Parker plays Kate Reddy (the names are thuddingly on the nose here), a Boston mom of two, married to an architect (winningly played by Greg Kinnear), and trying hard to cope with both the intensely competitive professionals at the office (Olivia Munn and “SNL’s” Seth Meyers play work-obsessed underminers) and the even more intensely competitive stay-at-home moms (one asks plaintively whether a birthday cake is made with organic flour and another sighs sweetly and explains that she just couldn’t allow anyone else to raise her children as she spends all day at the gym). These are cheap shot caricatures with little wit and less heart. If the film had a smidgen of sympathy for anyone else in the story or any convincing moment with Kate and her children when they were awake it would not ring so hollow. It’s hard to connect to a character who is feeling judged when her point of view is itself so petty and judgmental. Even Kate’s one friend (a dishy Christina Hendricks) cannot be permitted to be at Kate’s level. She’s a single working mother, so points off for her.
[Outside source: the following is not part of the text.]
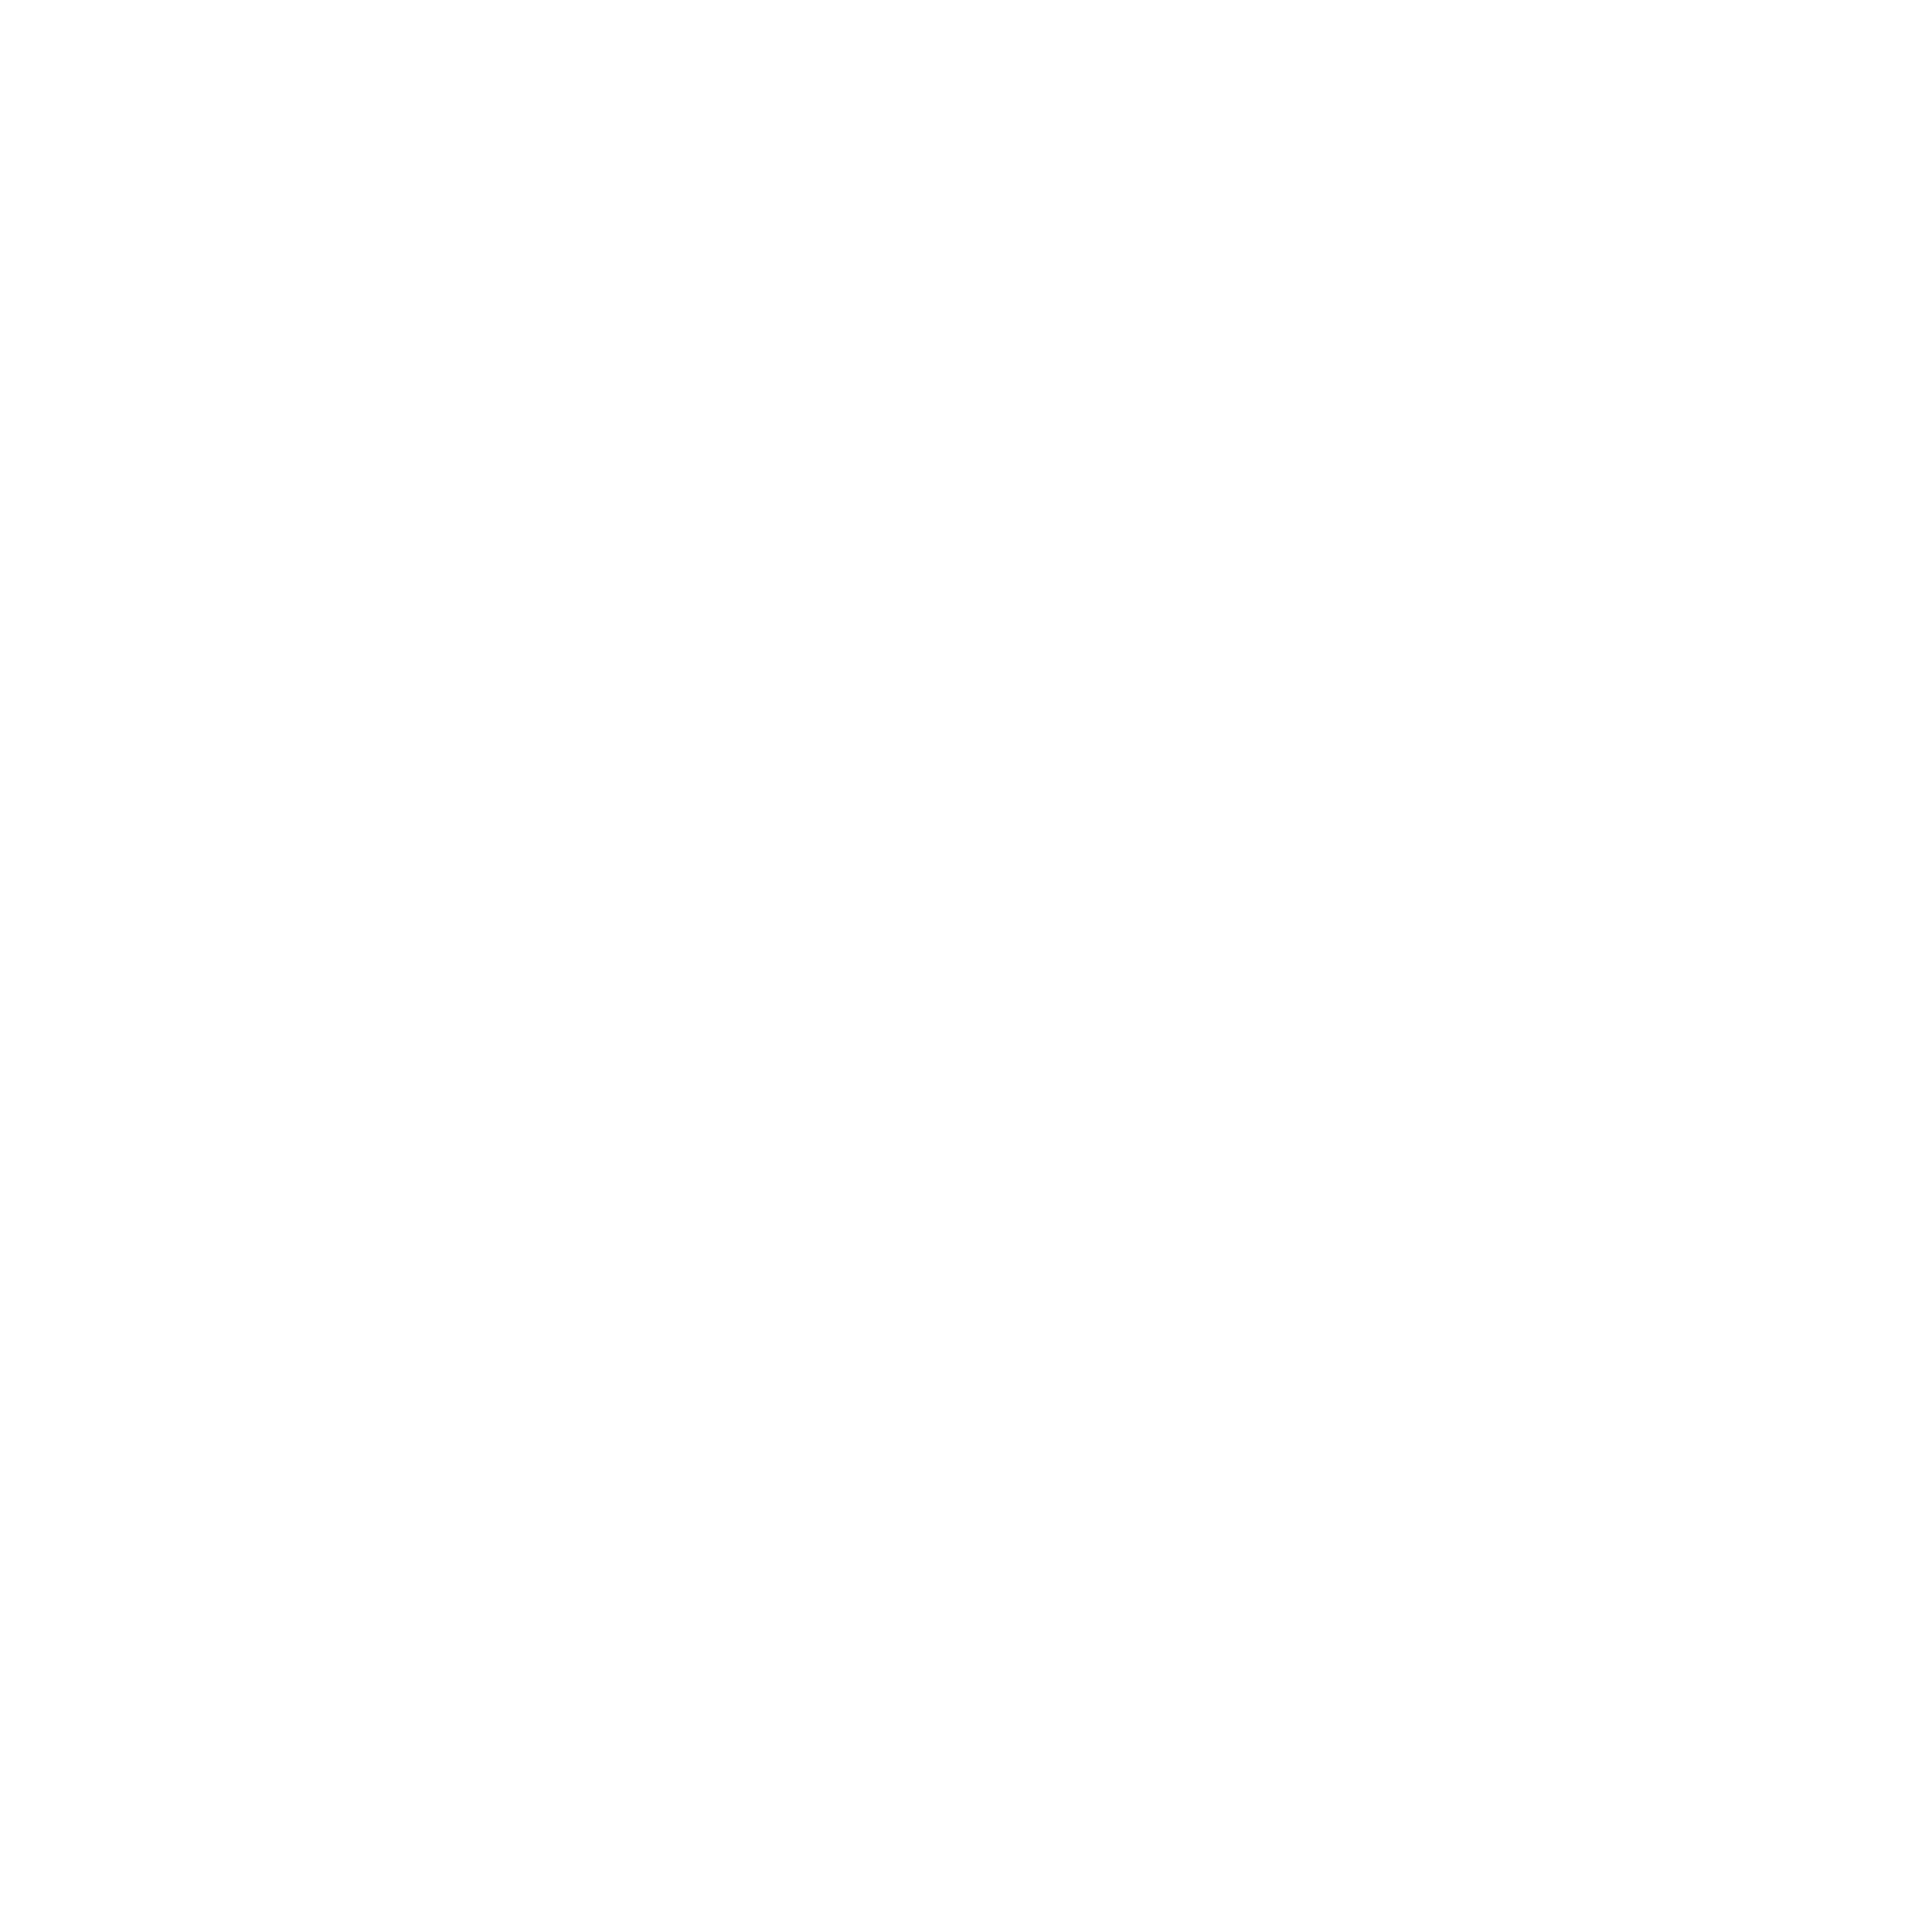 ADP-36FV
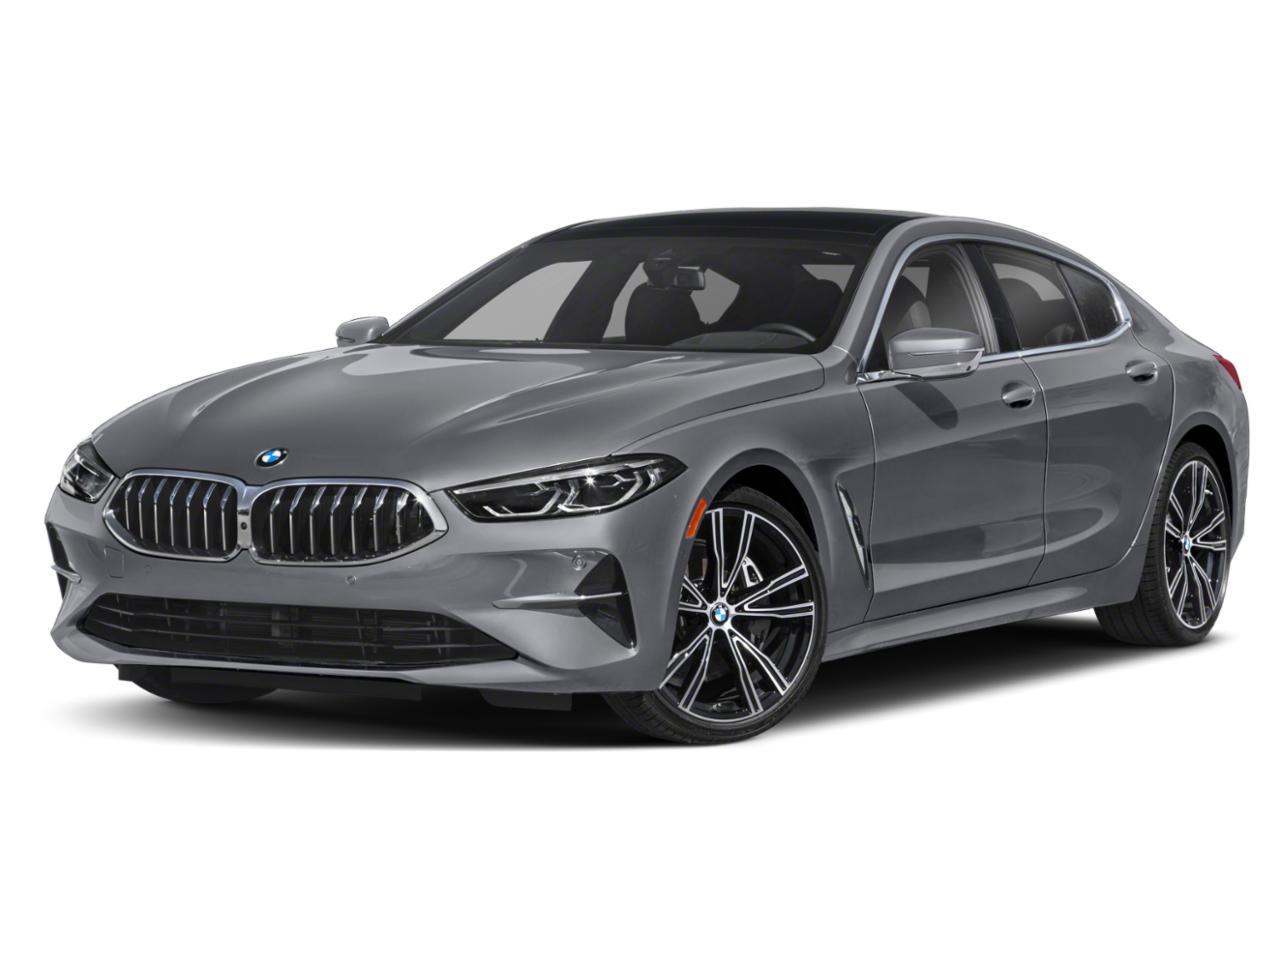 2022 BMW 840i Vehicle Photo in Grapevine, TX 76051

Kate and her husband both get their professional opportunities of a lifetime and shift into higher gear, missing their son’s first haircut and neglecting his delayed speech and a dangerous hole in the carpet on the stairs. Up all night making lists that never end, Kate promises everything to everyone and discovers that sometimes jugglers drop all the balls at once. Sometimes you get a call to fly out of town for a big meeting in the middle of Thanksgiving. And sometimes you get the message that your child has lice just as you walk into the big meeting. Infestation turns out to be just an opportunity to dish at the delousing salon with a friend (compare that to the more realistic hazmat treatment of the same problem in last year’s “The Change-Up”), another example of the gap between the way this film makes everything about Parker, I mean Kate.
I understand that motherhood seems fresh and new and unfairly not communicated about properly for each new generation of women who wonder how they got from the snarky authenticity of their post-college years to searching for a presentable outfit that (1) has no spills or spit-up on it and (2) fits (this is a problem grey-hound thin and beginning to look stringy SJP does not have). It will feel a bit stale to anyone who has either lived through it or seen any sitcom or family comedy of the last decade. Even the derided “Motherhood” with Uma Thurman felt more authentic than this. A mis-sent email with a crude joke? That’s so 2008. And when Kate’s colleague (Pierce Brosnan) starts signing his emails “XO” and, despite her denials, Kate just manages to keep all those balls in the air to the breathless admiration of even those who once failed to appreciate her, we can’t help feeling that we do know that in fact she doesn’t do it very well.
Parents should know this film has some strong language (many s-words, etc.), many references to marital sex and absence thereof (some crude) and to adultery, drinking, mostly comic peril and violence, and a reference to abortion as an option for an unplanned pregnancy.
Family discussion: What are some of the challenges your family has faced in balancing work and children? What makes it difficult for stay-at-home mothers and working-outside-the-home mothers to get along?
If you like this, try: the book by Allison Pearson
Am wondering why you gave this one a B-? Doesn’t seem like there’s much to like here.
It was hard to decide what grade to give it, Pam. I try to rate movies based on how well they live up to the aspirations they set for themselves and how successfully they meet the expectations of their intended audience. I think this one will slightly disappoint by that standard but don’t think people who want to see it should stay away. It’s not out of the question for a girl’s night out or a DVD rental.
This movie should have been called ” I don’t know how the hell she wouldn’t be able to do it!” I mean really-why wouldn’t she be able to do those very basic things with all the resources she needs at her finger tips! And the real story would be that she is also on anti-depressants to boot! Get the hell over yourself!
Thanks, rightmind, but I thought she failed at a lot of the “very basic things” she tried to do, didn’t she?